With her back hunched as a crumpled sheet of paper, her name, age and a thousand other letters carved on her round face, the ticket collector stares at the blurriness of her eyes: a perfect identity card, passes a faint, nearly invisible smile and then moves away, near a couple with an over-zealous toddler sucking the nipple of his milk bottle, and babbling occasional “Amma, Appu”, which fades away in the bustle of the tires, his mother, dressed in her khaki-kurta probably watching dunes fall back
into little grains of sand on her cheeks,
his dad, pretending to read a book, while rubbing his son`s back.
Upon his arrival, they sit befuddled as an unhinged door, she vigorously searches her handbag, he lays hands on his narrow pockets, nothing, mere lumps of rock tanked like an empty silo, outside their window, inside their throats. They unzip their luggage , bags shut open like their mute mouths, clothes heaped over -another like buried, unspoken words “It will be fine, we’ll be fine, you’ll be just be a video-call, just a few semesters, probably then a 9-5 job away.”

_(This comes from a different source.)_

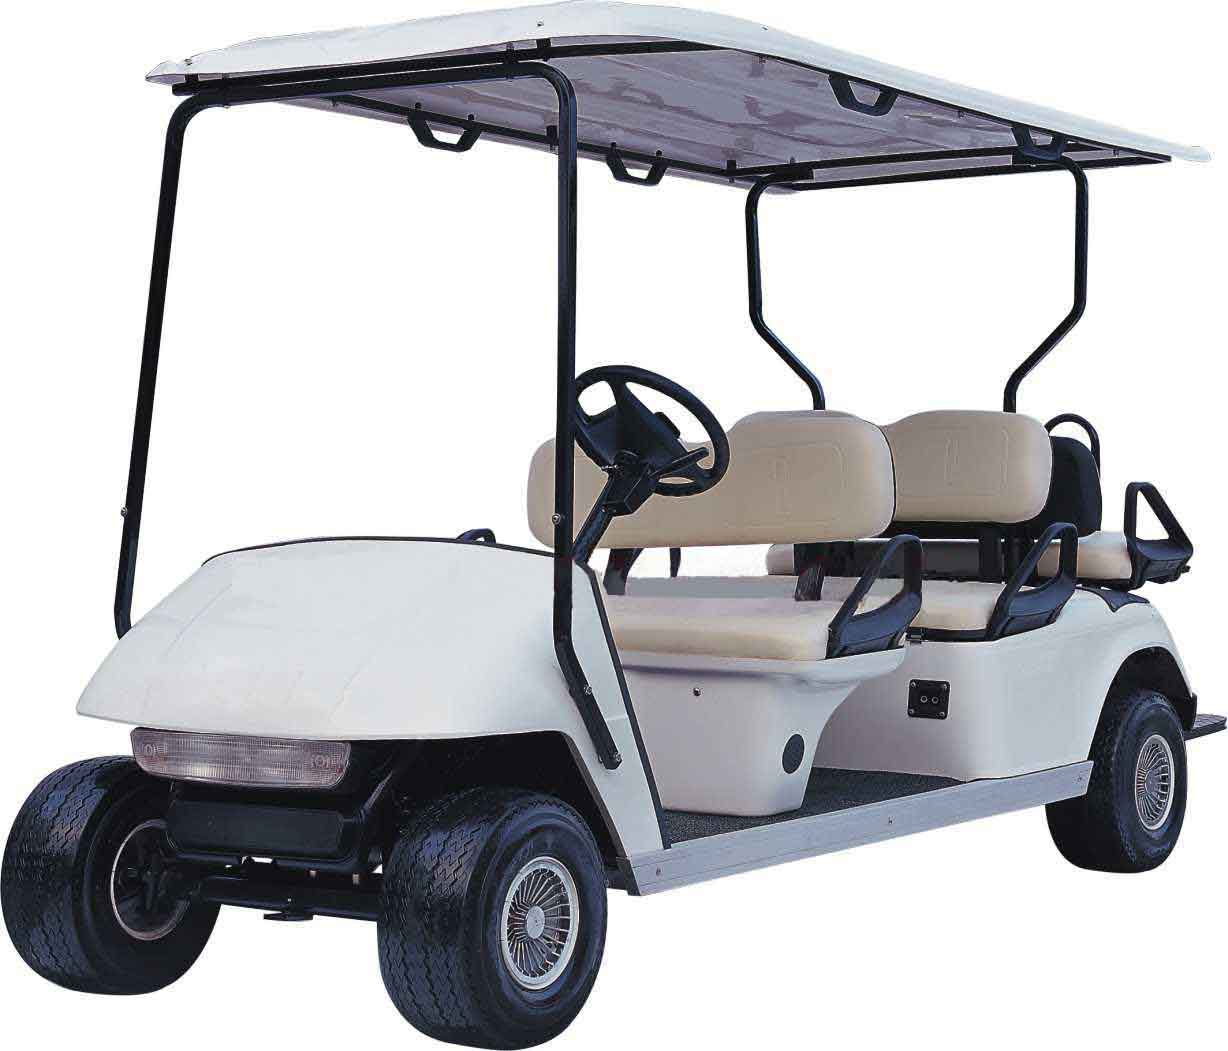 Electric Golf Cart Oc Gc | Free Images at Clker.com ...

They check over his little pockets, the little fingers, those curly hairs, the bottled milk, nothing. mere ghost spaces and bones intertwined into one. The TTE mumbles and moves away with a slight hand gesture, rather a sympathetic nod read as” Its okay, I understand, anyways.”
It doesn’t matter if the engine whistles or silently drags itself with a thousand bodies floating through time and space, when those fluorescent lights are already shut, the pastel blue curtains drawn and that bottled milk spilt on the floor.